Department of Breast Surgery, Key Laboratory of Breast Cancer Diagnosis and Treatment Research of Guangxi Department of Education, Guangxi Medical University Cancer Hospital, Nanning, 530000, China.
Key Laboratory of Breast Cancer Diagnosis and Treatment Research of Guangxi Department of Education, Guangxi Medical University Cancer Hospital, Nanning, 530000, P.R. China.
BMC Cancer. 2023 Jun 23;23(1):583. doi: 10.1186/s12885-023-11012-z.

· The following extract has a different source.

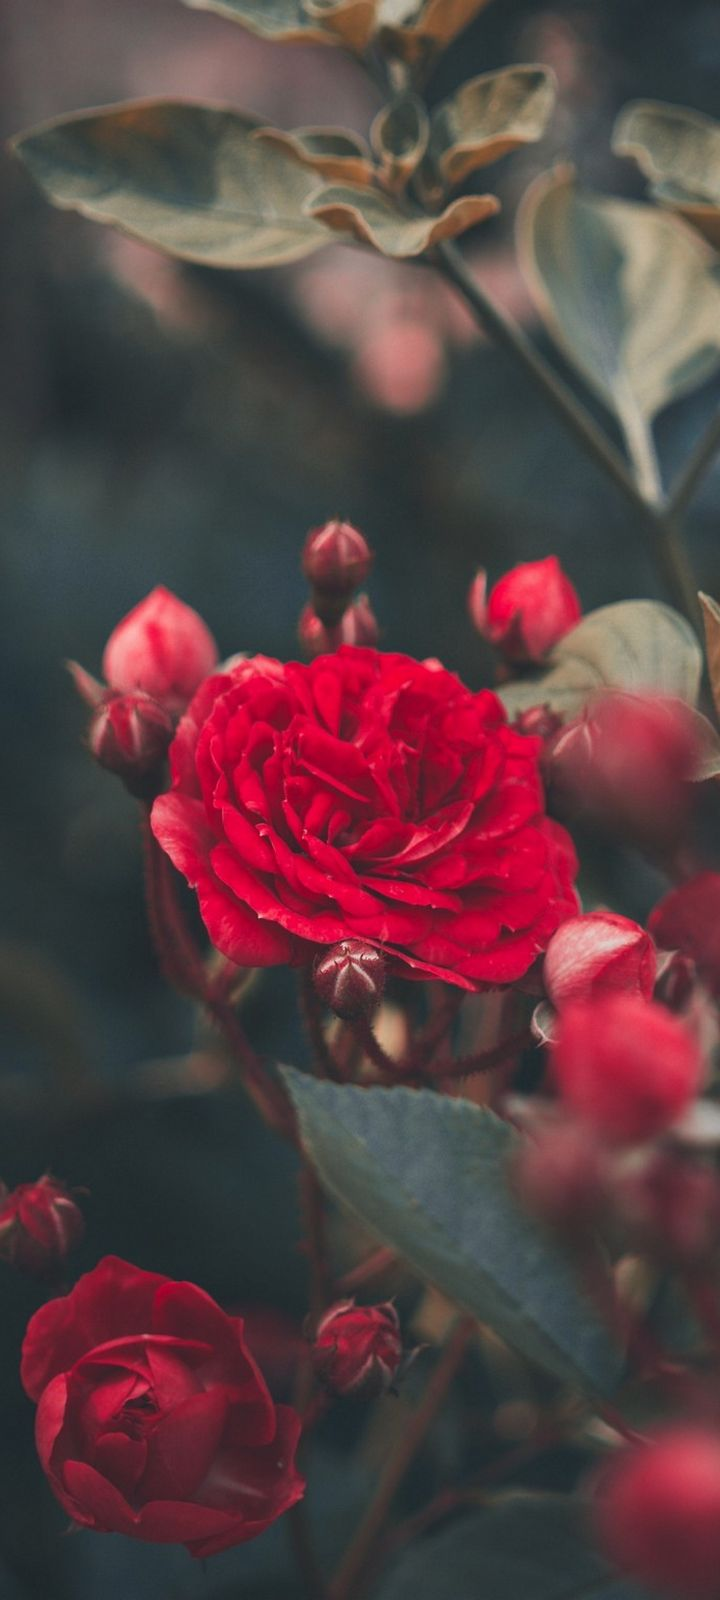 Red Rose Bush Garden Wallpaper 720x1600

Breast cancer is a malignant tumour that seriously threatens women's life and health and exhibits high inter-individual heterogeneity, emphasising the need for more in-depth research on its pathogenesis. While internal 7-methylguanosine (m7G) modifications affect RNA processing and function and are believed to be involved in human diseases, little is currently known about the role of m7G modification in breast cancer.
We elucidated the expression, copy number variation incidence and prognostic value of 24 m7G-related genes (m7GRGs) in breast cancer. Subsequently, based on the expression of these 24 m7GRGs, consensus clustering was used to divide tumour samples from the TCGA-BRCA dataset into four subtypes based on significant differences in their immune cell infiltration and stromal scores. Differentially expressed genes between subtypes were mainly enriched in immune-related pathways such as 'Ribosome', 'TNF signalling pathway' and 'Salmonella infection'. Support vector machines and multivariate Cox regression analysis were applied based on these 24 m7GRGs, and four m7GRGs-AGO2, EIF4E3, DPCS and EIF4E-were identified for constructing the prediction model. An ROC curve indicated that a nomogram model based on the risk model and clinical factors had strong ability to predict the prognosis of breast cancer. The prognoses of patients in the high- and low-TMB groups were significantly different (p = 0.03). Moreover, the four-gene signature was able to predict the response to chemotherapy.
In conclusion, we identified four different subtypes of breast cancer with significant differences in the immune microenvironment and pathways. We elucidated prognostic biomarkers associated with breast cancer and constructed a prognostic model involving four m7GRGs. In addition, we predicted the candidate drugs related to breast cancer based on the prognosis model.
乳腺癌是一种严重威胁女性生命健康的恶性肿瘤,表现出高度的个体间异质性,强调需要更深入地研究其发病机制。虽然内部 7-甲基鸟苷(m7G)修饰影响 RNA 处理和功能,并且被认为与人类疾病有关,但目前对于 m7G 修饰在乳腺癌中的作用知之甚少。
我们阐明了 24 个 m7G 相关基因(m7GRGs)在乳腺癌中的表达、拷贝数变异发生率和预后价值。随后,基于这 24 个 m7GRGs 的表达,基于免疫细胞浸润和基质评分的显著差异,使用共识聚类将 TCGA-BRCA 数据集的肿瘤样本分为四个亚型。亚型之间差异表达的基因主要富集在免疫相关途径,如“核糖体”、“TNF 信号通路”和“沙门氏菌感染”。基于这些 24 个 m7GRGs 应用支持向量机和多变量 Cox 回归分析,鉴定出四个 m7GRGs-AGO2、EIF4E3、DPCS 和 EIF4E 用于构建预测模型。ROC 曲线表明,基于风险模型和临床因素的列线图模型具有预测乳腺癌预后的强大能力。高和低 TMB 组患者的预后差异显著(p=0.03)。此外,四基因特征能够预测化疗反应。
总之,我们确定了四种不同的乳腺癌亚型,它们在免疫微环境和途径方面存在显著差异。我们阐明了与乳腺癌相关的预后生物标志物,并构建了涉及四个 m7GRGs 的预后模型。此外,我们还基于预后模型预测了与乳腺癌相关的候选药物。